Shift is an exploration into the psychology of visual perception. The pattern and contrast induce a dynamic quality of multi-stability in which forms move and flip. The Ikat technique presents another layer of information, containing glitches and irregularities. Shift asks one to stop, stare and engage in questions of how and what we see. My work explores the development of systems, creating visually stimulating patterns and imagery which address our capacity for awareness. I focus on processes which invite repetition, distortion, and tactility. The confrontation of reality, truth and perception are the foremost concerns of my practice.

 

Timothy Gresham, Australia
Meld
32” x 39,” wool, cotton, synthetic, photo: Timothy Gresham

This work starts with a simple, repeatable shape, a set palette and defined parameters such as techniques using simple mathematical sequences. As the piece progresses, intricate variables can occur within these boundaries. Partly random and partly contrived, the design emerges as it is woven.

 

Birgitta Hallberg, Denmark
Sunday morning
49.25” x 45.75,” wool, cotton, flax, photo: Camilla utke Schiøler

The tapestries of Birgitta Hallberg hold an intense and rich coloring. Colors and lines are thrown onto each other, moving around rushing human forms. Her tapestries explore multifarious possibilities from thread to thread. Here nice expression is ruled out – a wild energy flows from the tapestry, never in tranquility. Birgitta takes us on a journey to the garden of childhood, inspired by the country of her childhood in Skåne, where her mother often would photograph Birgitta in their garden.
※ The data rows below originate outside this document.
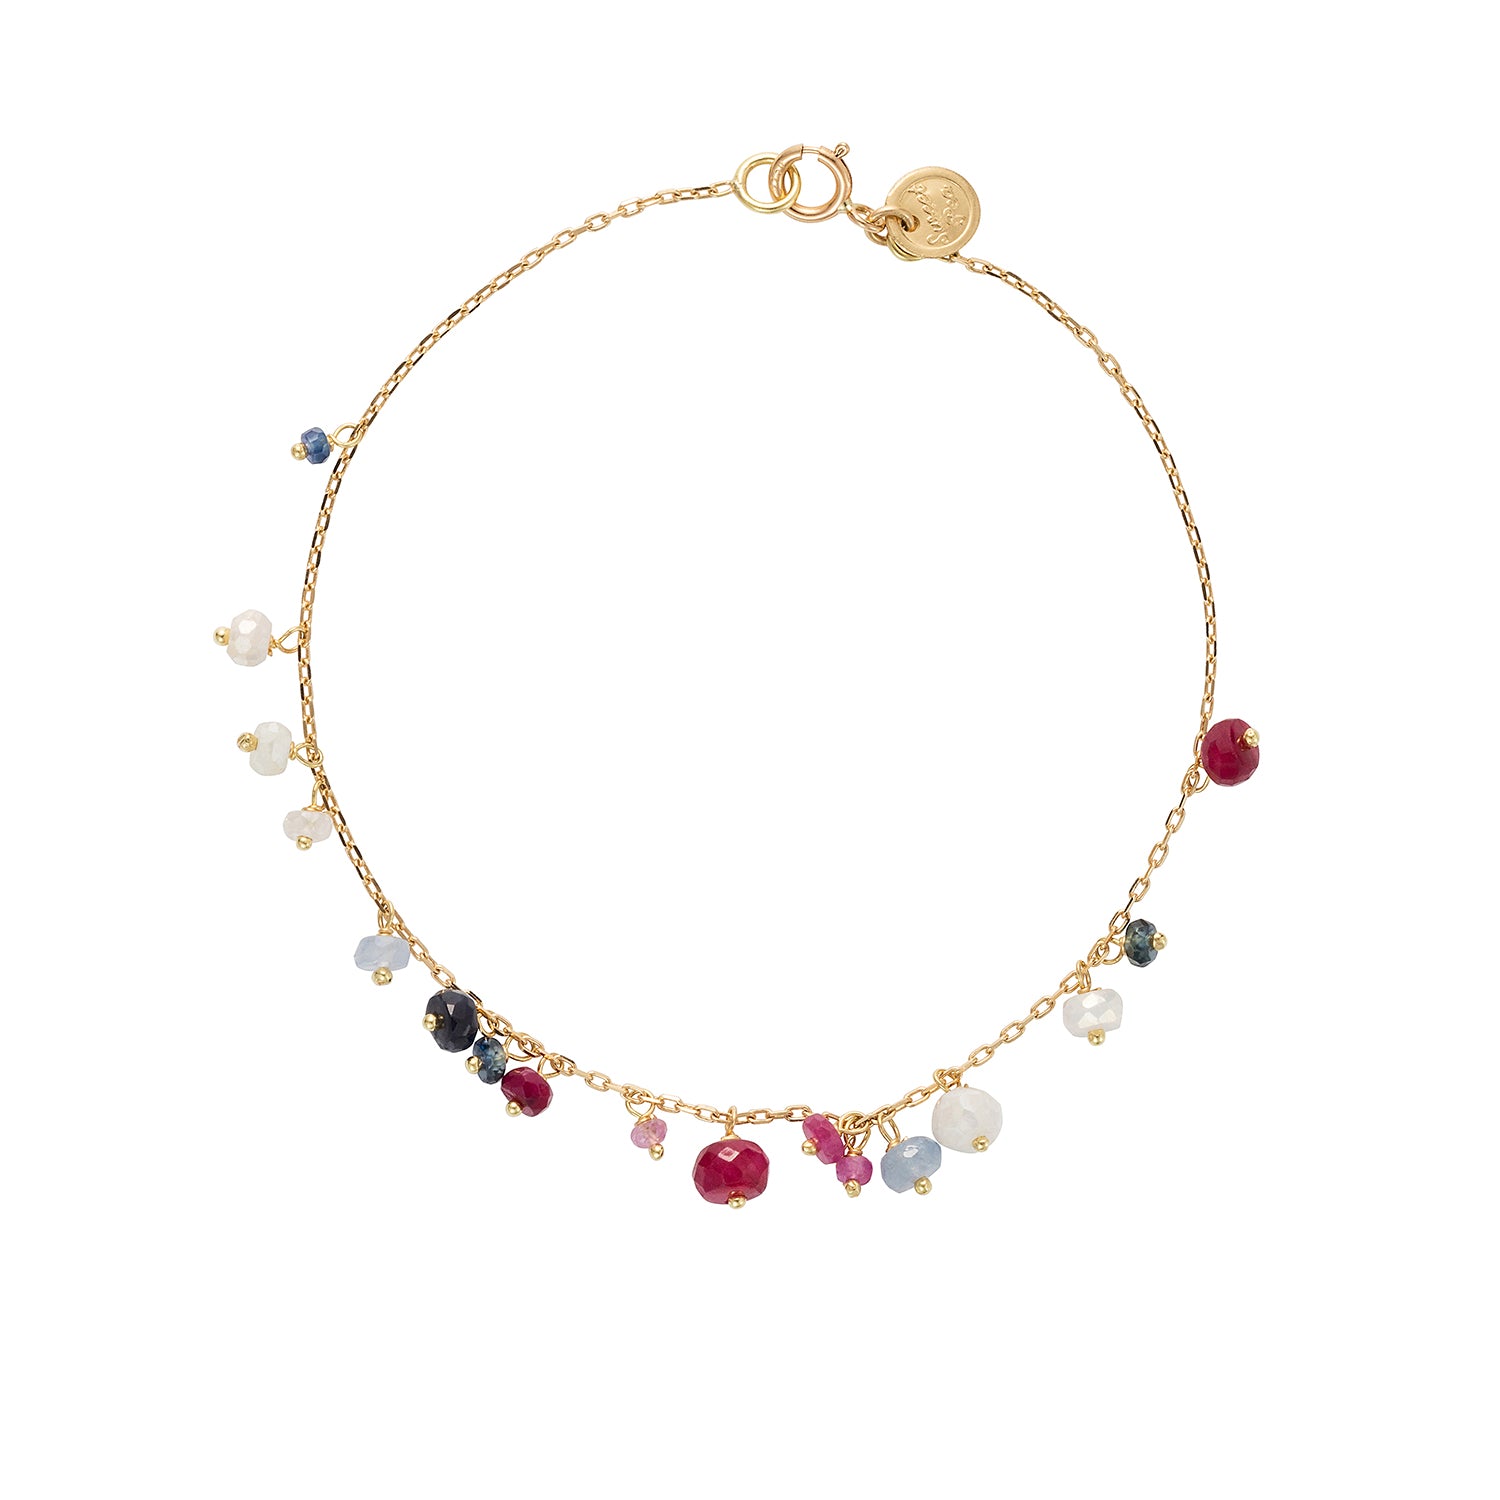 18ct yellow gold chain Pogo Punk beaded bracelet with ruby, sapphire and corundum beads.
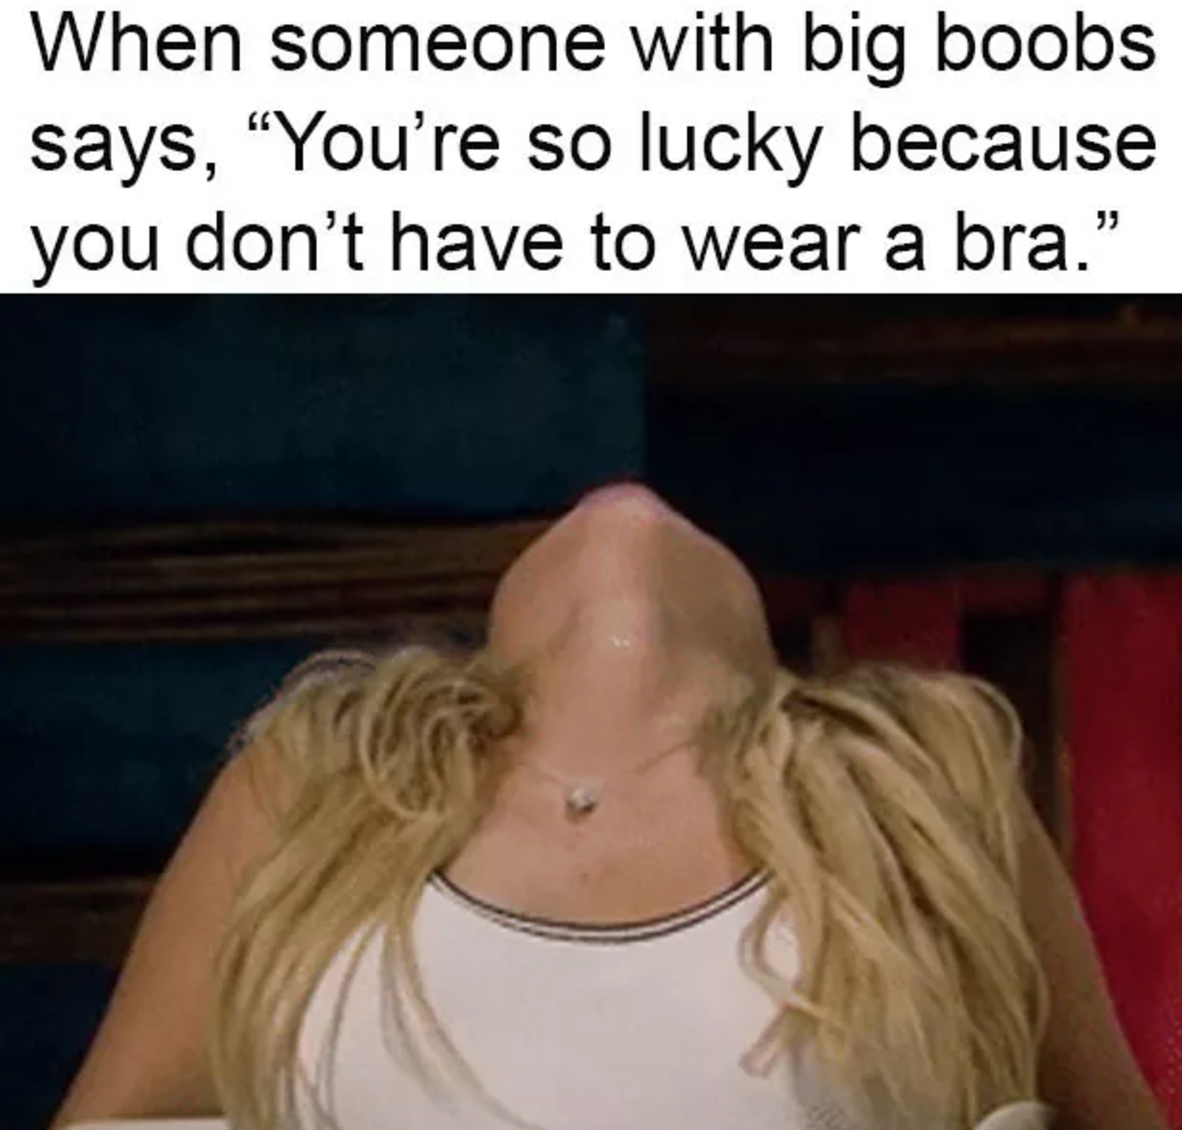 itty bitty titty committee, funny boobs memes, funny memes boobs, small boobs memes, small boobs jokes, boobs jokes, funniest jokes about boobs
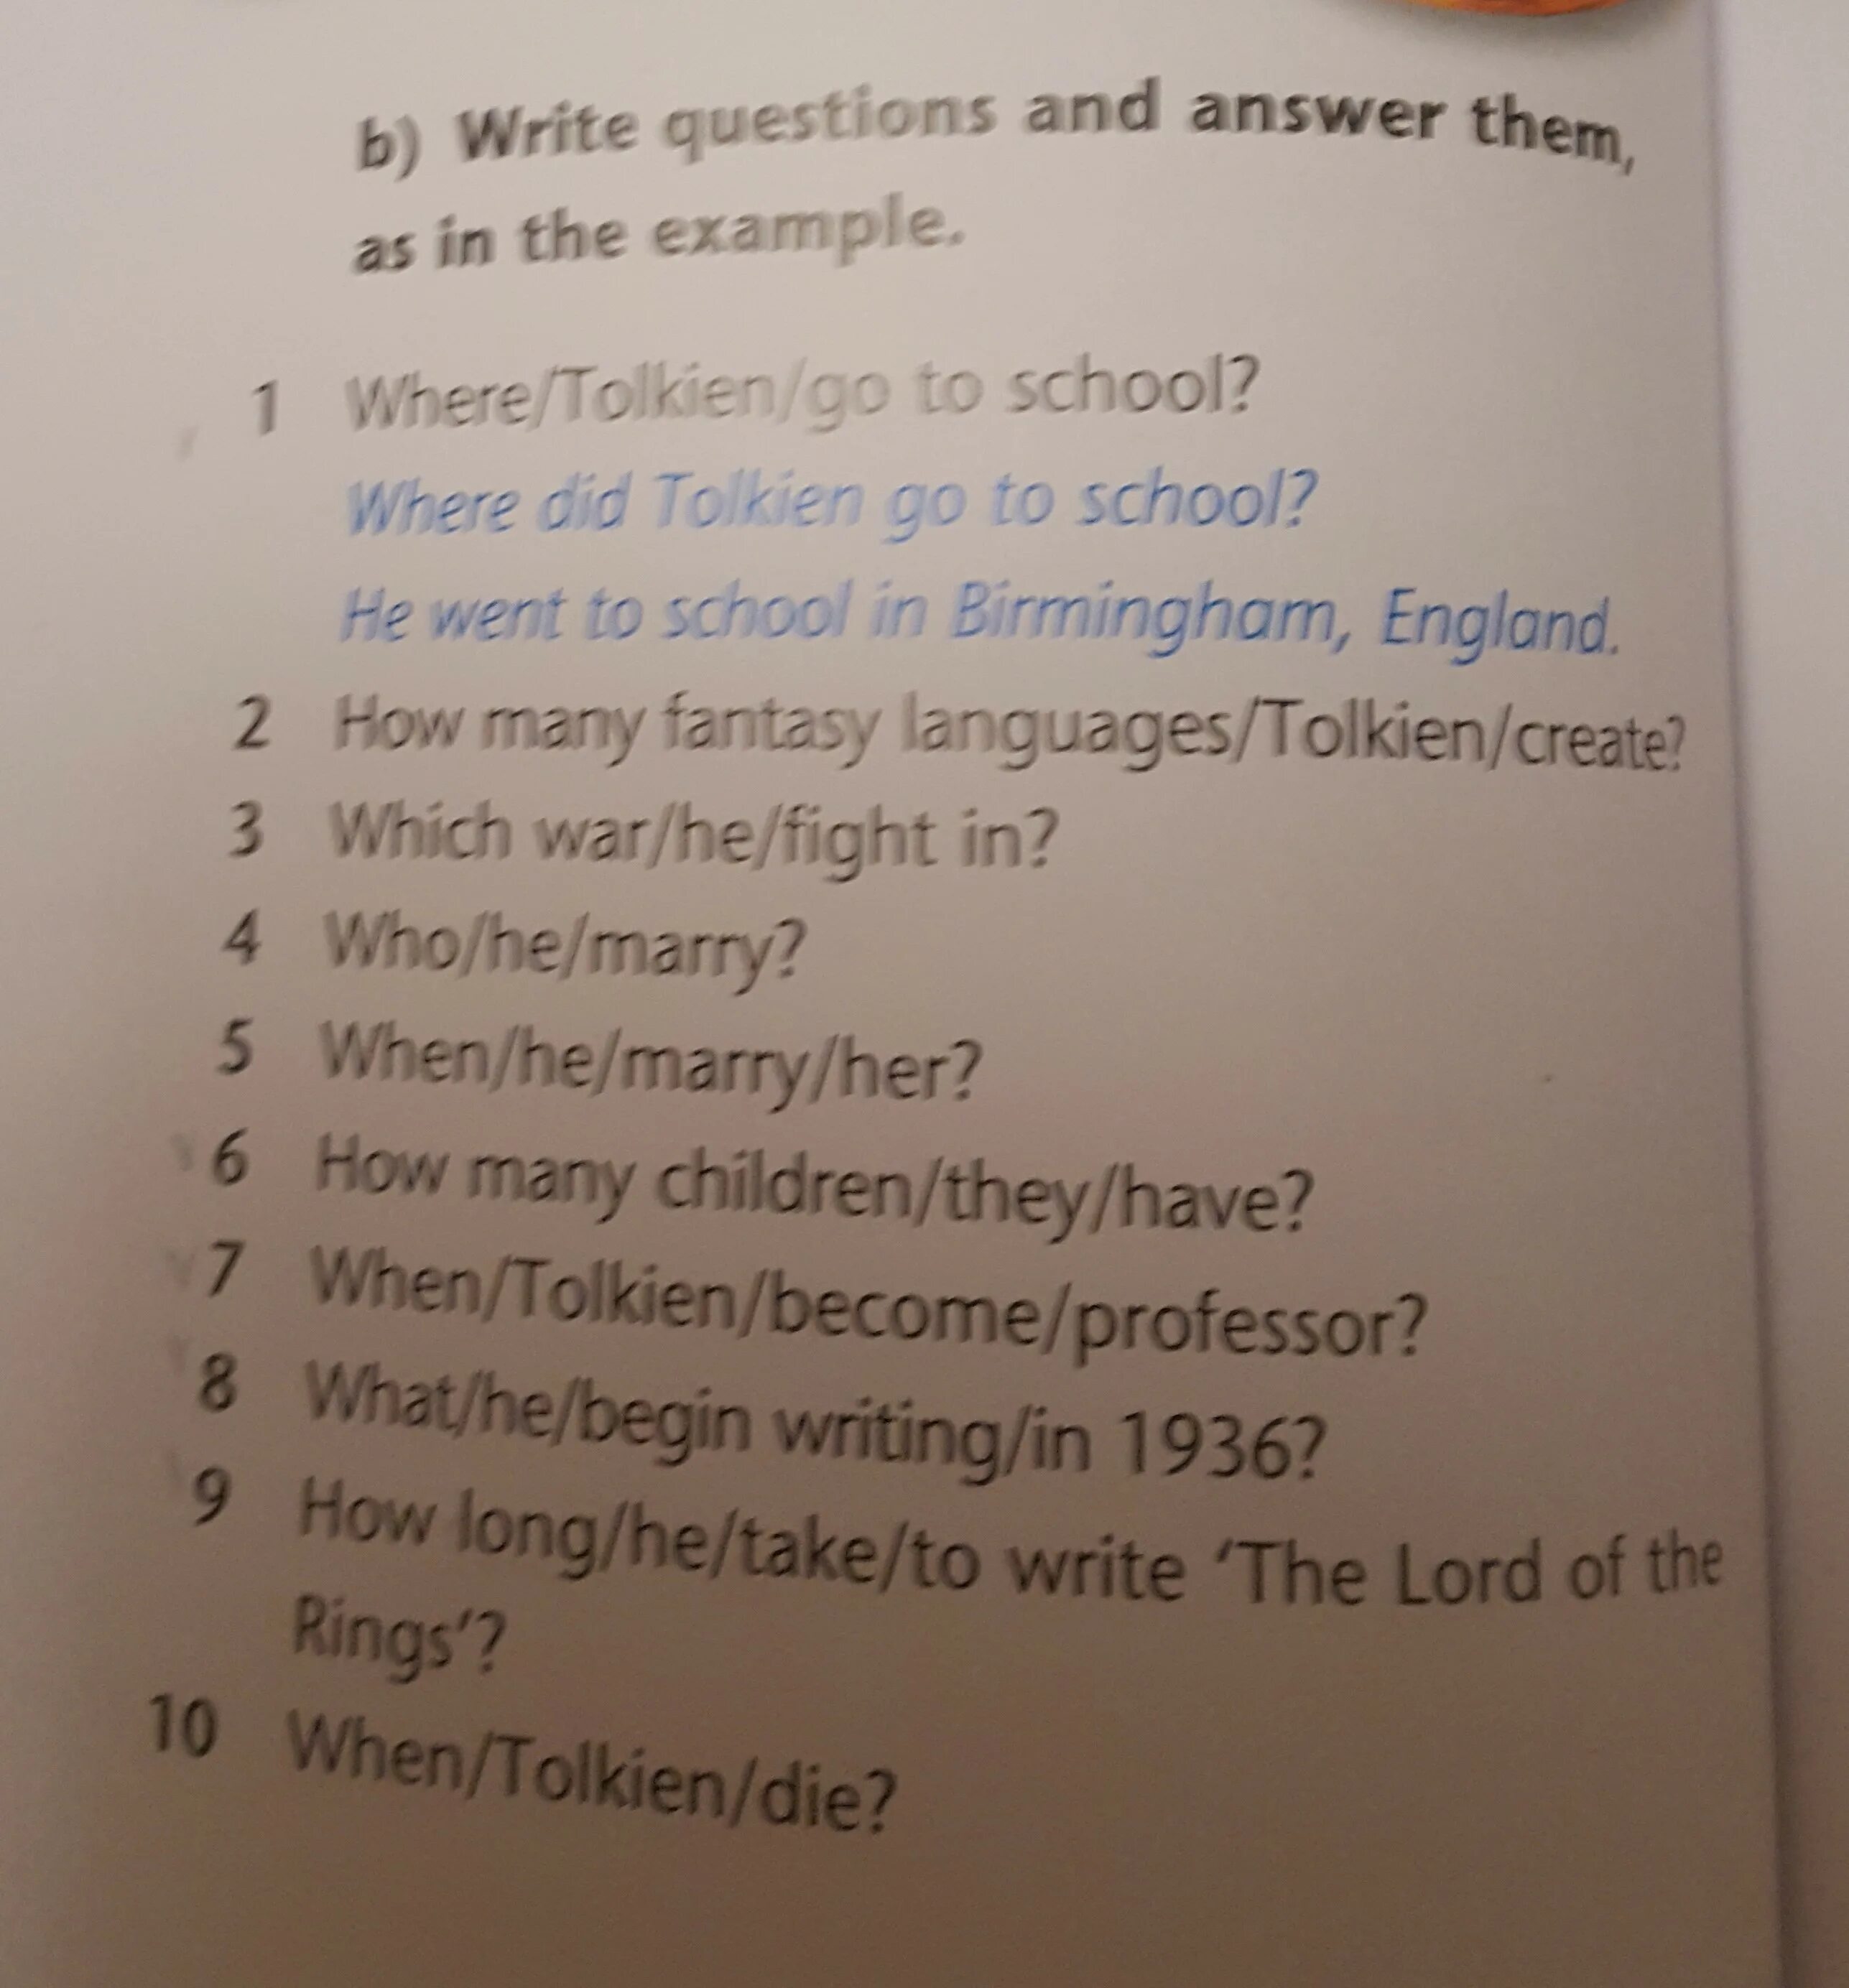 Answer the questions what do the children. Write questions.answer them. Answer the questions ответы на вопросы. Write questions and answers as in the example ответы. Write questions and short answers as in the example второй класс английский язык.
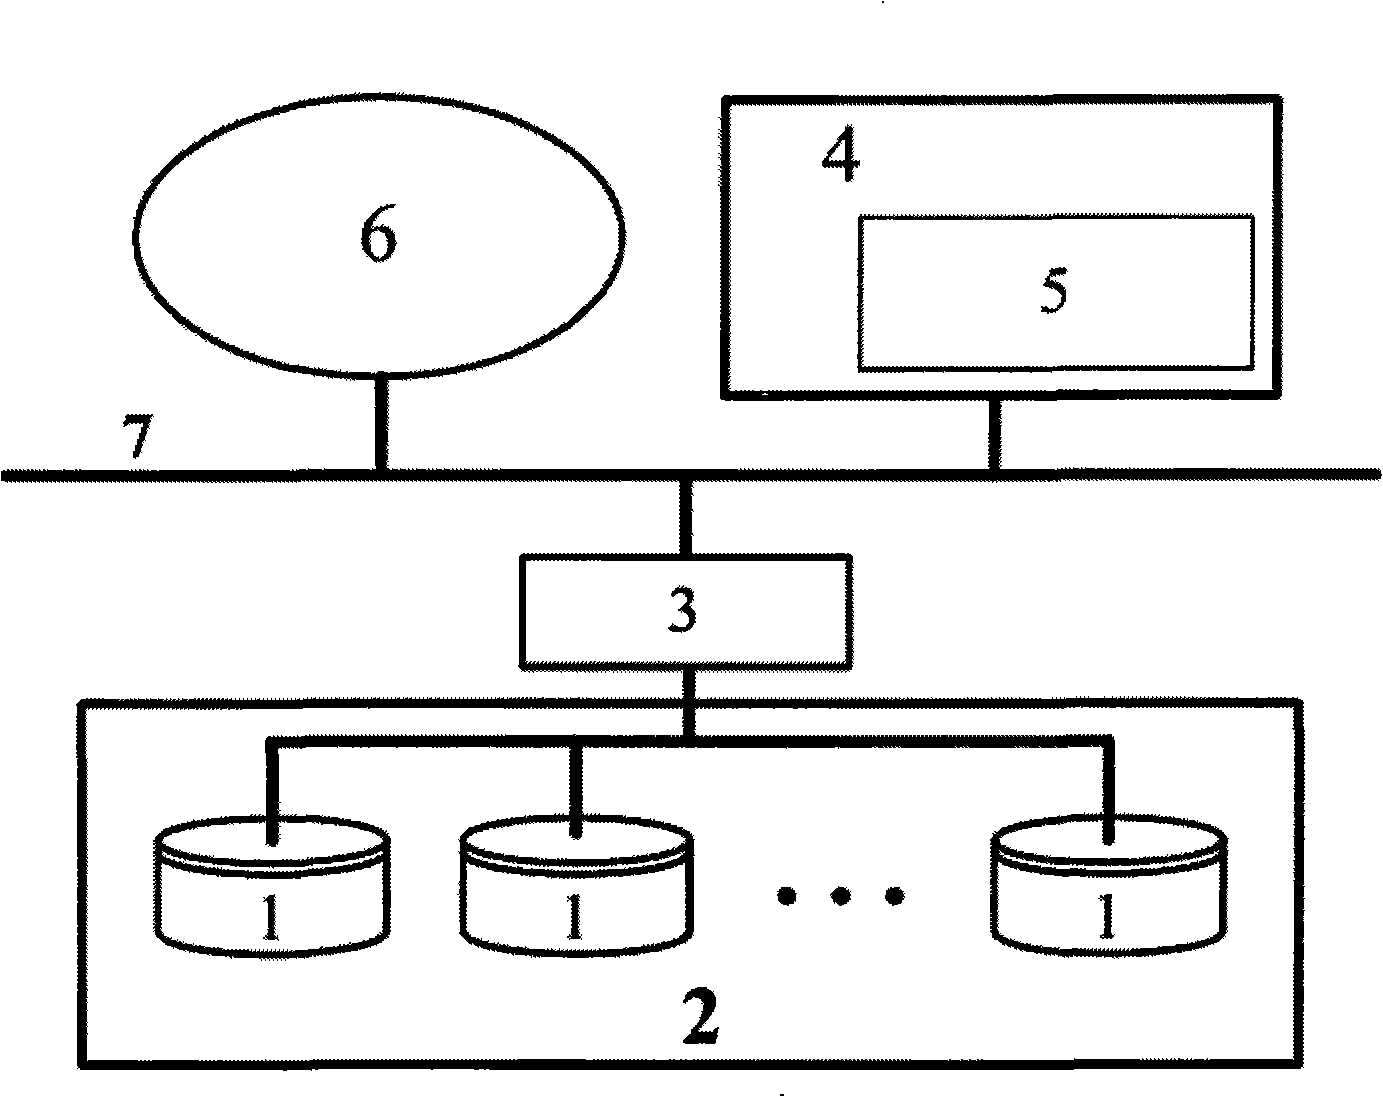 Method for updating double-magnetic head user data of large scale fault-tolerant magnetic disk array storage system

These memories Birgitta wants to retain in the journey to the brightly colored flowering garden of childhood.

 

 

Joyce Hayes, USA
Etude #9
10.5″ x 14.25,” linen warp, hand dyed silk weft, rayon sumac, mounted on steel, photo: Cecil Hayes

Thinking in layers, I consider color first, then hatching, which allows for movement and rhythm to come into play and finally soumack which adds texture and shadows to the piece. My work is a dance between color, value and line. Drawing on my interest in intaglio printmaking I have explored the historical technique common to both printmaking and tapestry, hatching. Instead of using hatching as a shading device to create volume, I have streamlined the technique into a graphic design element which accentuates the warp and weft grid, the foundation of weaving. Because of my interest in music I design the color palette of my tapestries to have an ebb and flow, much like the shifts in sound and harmonic progressions in music.

 

Barbara Heller, Tzimtzum – TranscendenceBarbara Heller, Canada
Tzimtzum – Transcendence
96″ x 48,” linen warp, wool, cotton, rayon, and silk weft, some handspun, some hand-dyed, photo: Ted Clark, Image This Photographics

This tapestry is symbolic of our unfolding journey from our physical selves to our spiritual home. The ladder can be seen as a metaphor for our life, as a liminal space between birth and death, heaven and earth, matter and spirit, tzimtzum (contraction) and tikun (healing through good deeds). As in the story of Jacob’s dream in the Torah, the ladder is a bridge that allows us to travel in both directions. The squares could be seen as the angelic messengers in Jacob’s dream but to me they are stepping stones on the path of spiritual attainment, of transcendence. My work reflects my concerns about our world – fraught with inequities, beset by senseless violence in the name of a “greater good,” people in pain, the environment, and our increasing psychological isolation from one another. Recent work warns of the degradation of the environment of our home through careless acts and acts motivated by greed. These concerns may not always be evident but they are always there as subtext.

 

Agneta Henerud, Sweden
Passage
59” x 43.3,” flax and wool, photo: Agneta Henerud

My work is about the gray tones of life and the light within them.

 

 

 

Ane Henriksen, Denmark
West Wind
96.5” x 96,” warp: silk. weft: worn out bed clothes and waxed flax, photo: Ole Akhoej

The point of departure around my work West Wind was a pine tree. I have had the idea that when I got old, I wanted to focus on trees. Trees tell a story of life, and trees are tuning the mind – it may be in dreary drama a summer night, or in winter twilight – where the bare tree crowns call imagination into adventures, trees may wrap us into a dreamy or meditative state – depending on our mood, the season or time of day. I try to reflect the wind, with a thread stumbling across the surface, and am pleased that I have succeeded in making a flickering impression, that makes you think the photo is shaken.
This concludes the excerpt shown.